For what it's worth, I use both spacewiz's and i960's solutions:

- postgresql with heavily indexed tables
- sql for simple, frequently used queries
- suck all the data into Perl when I need to perform computational intensive calculations. s/Perl/R|Python|C|C#/ depending on your preferences....

Use the solution that's best for the task. Multiple solutions for multiple tasks, if need be. Pragmatic people are not zealots... They prefer to get shit done instead of preaching their gospel is the one true religion....

R1234 · Aug 8, 2015

globalarbtrader said:
So you don't know R right now, but are thinking about learning? My two cents worth is I wouldn't use R for this kind of application, and I'd spend my time learning something else.

Although in theory there is no issue, I've found there are problems with the way R allocates and then doesn't free up memory, particularly when running over loops. You need to write your code very carefully to avoid this kind of problem. As a relative novice you'll potentially waste a lot of time learning how to do this.

Where I used to work both Matlab and python were used successfully in the implementation of exactly the kind of system you have. I have a well known preference for Python so I won't trot out the pros and cons once again. Other languages are of course available.

I'd personally use a simple database for storage rather than say flat files, although as others have said this is more for robustness than to get more memory back.

One more thing; backtesting this beast could be done very easily as a parallel process (since todays CS ranking has no bearing on tommorrows). I guess in a world where most people have multiple cores on one machine some paralleisation would be done by the interpreter or complier (I'm not an expert on this) but you still have to write your code in such a way to make it possible (eg list comprehensions in python, or the equivalent). Alternatively we used to run stuff on a big cluster where we had to make the parallel stuff explicit (using something like http://www.parallelpython.com/).

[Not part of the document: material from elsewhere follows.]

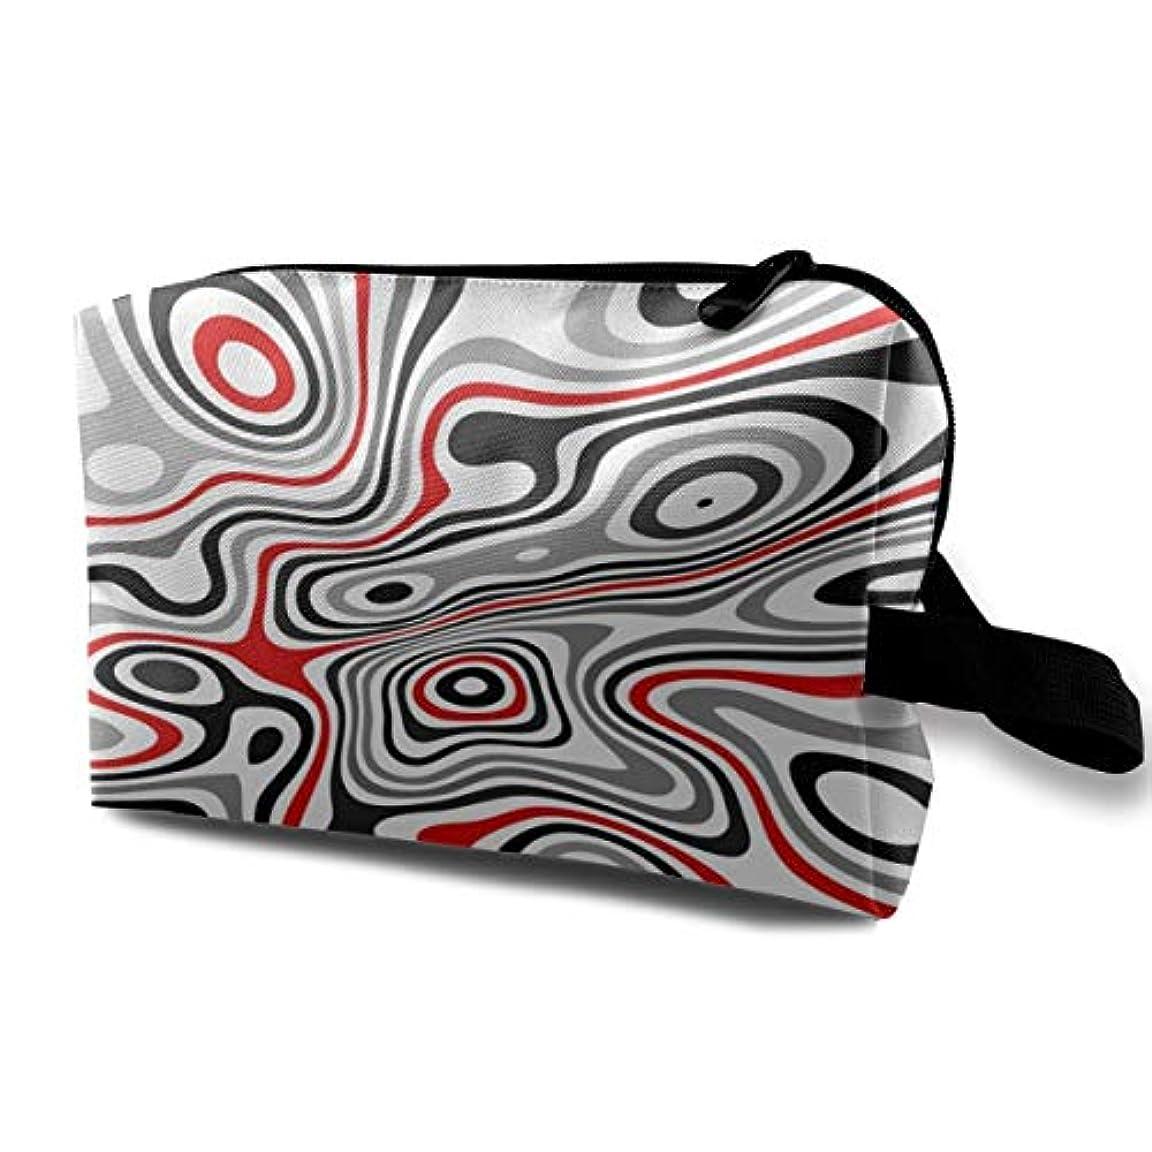 シーサイドテクニカルカリングStriped Zebra 収納ポーチ 化粧ポーチ 大容量 軽量 耐久性 ハンドル付持ち運び便利。入れ 自宅?出張?旅行?アウトドア撮影などに対応。メンズ レディース トラベルグッズ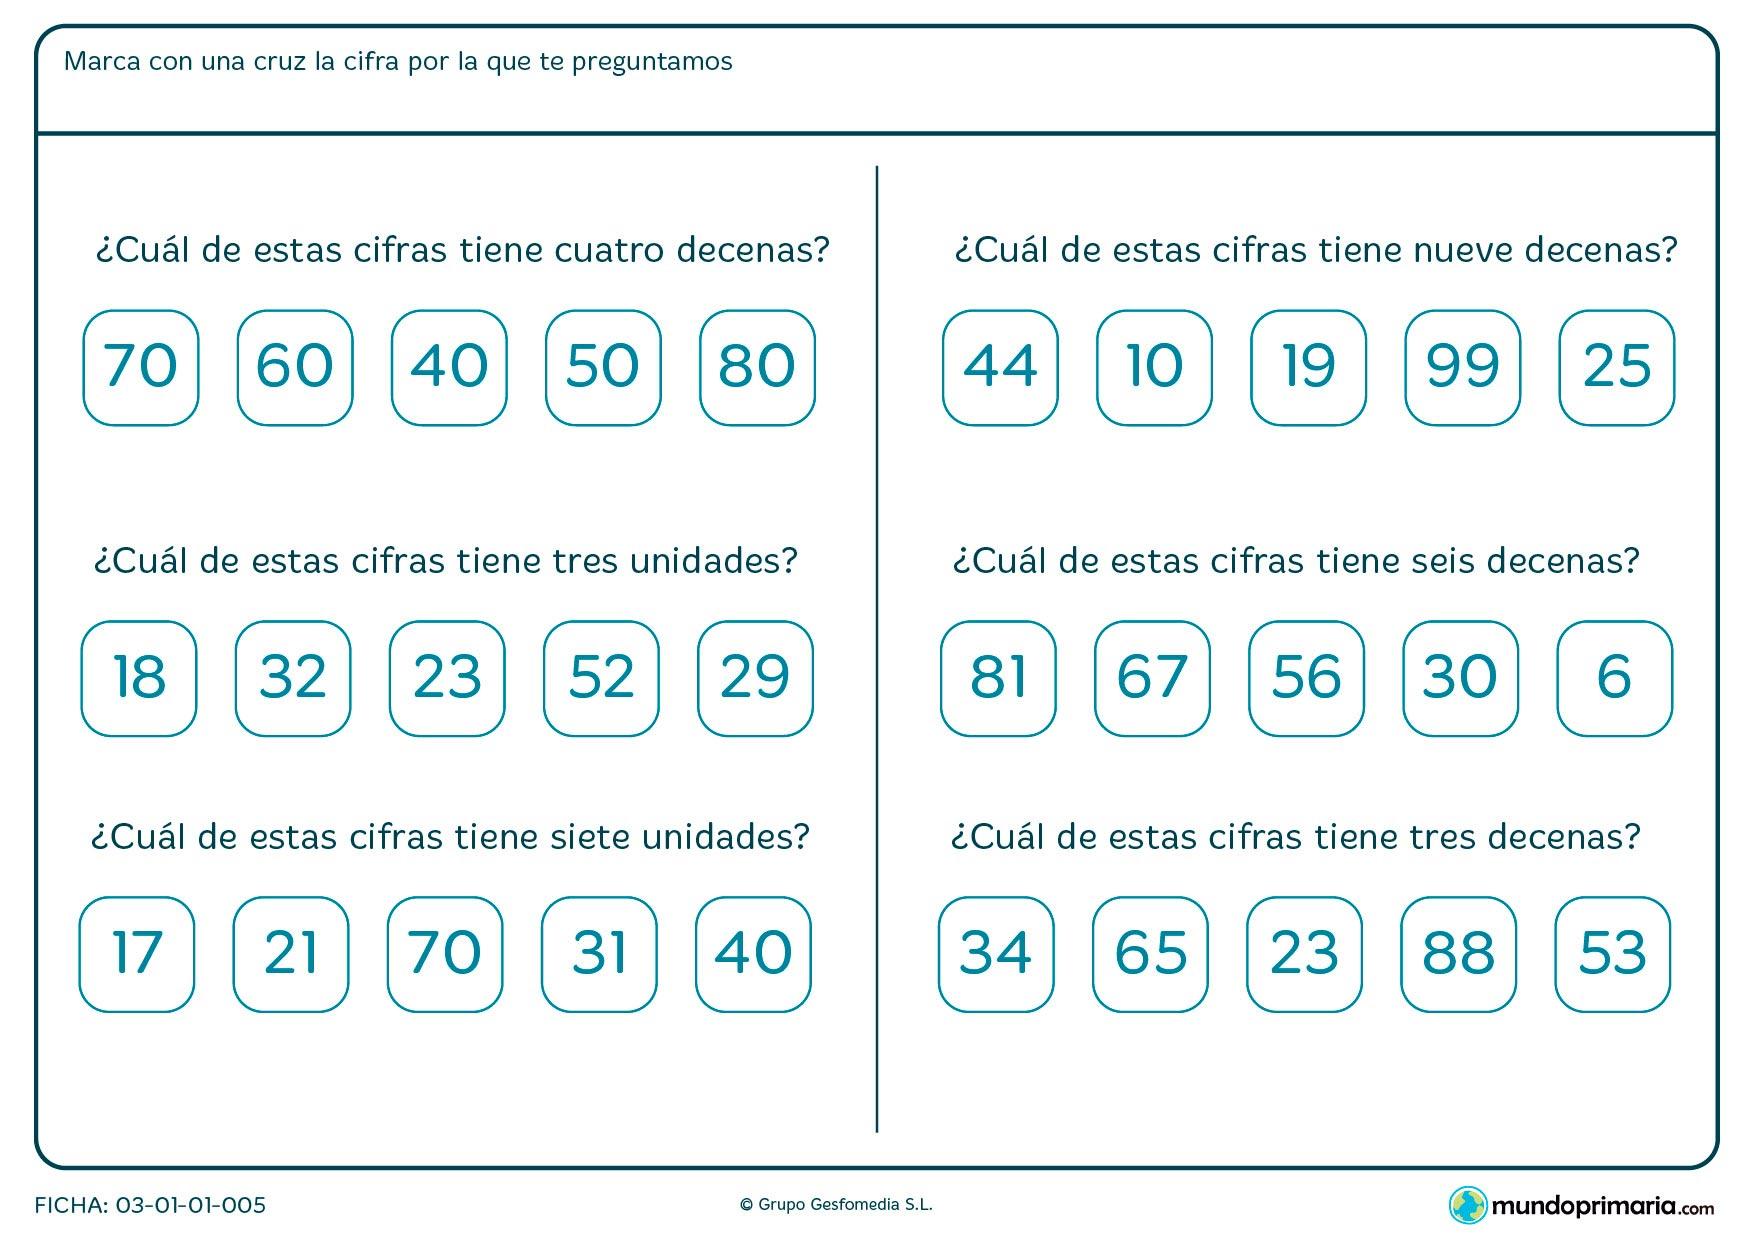 Ficha de unidades y decenas de los números para marcar la respuesta correcta de las opciontes dadas.

Another option could be using something like https://www.quantconnect.com/ (no connection, never used it, but looks interesting) to get parallel computing power.

GAT

I just read your post and thought maybe you had read my mind! I hired an R programmer last week to write me the program. He will be using parallel processing in his code.

volpunter · Aug 8, 2015

That was your most valuable takeaway from the past 3 pages? Confused (but happy you got your answer you were seeking)

R1234 said:
I just read your post and thought maybe you had read my mind! I hired an R programmer last week to write me the program. He will be using parallel processing in his code.

i960 · Aug 8, 2015

Multithreaded code will potentially make things faster but you should be telling said programmer to change the algorithm - that's where the real optimization is. Then again I don't totally know what the entire problem space is you're trying to solve. It could be other things unrelated to sorting.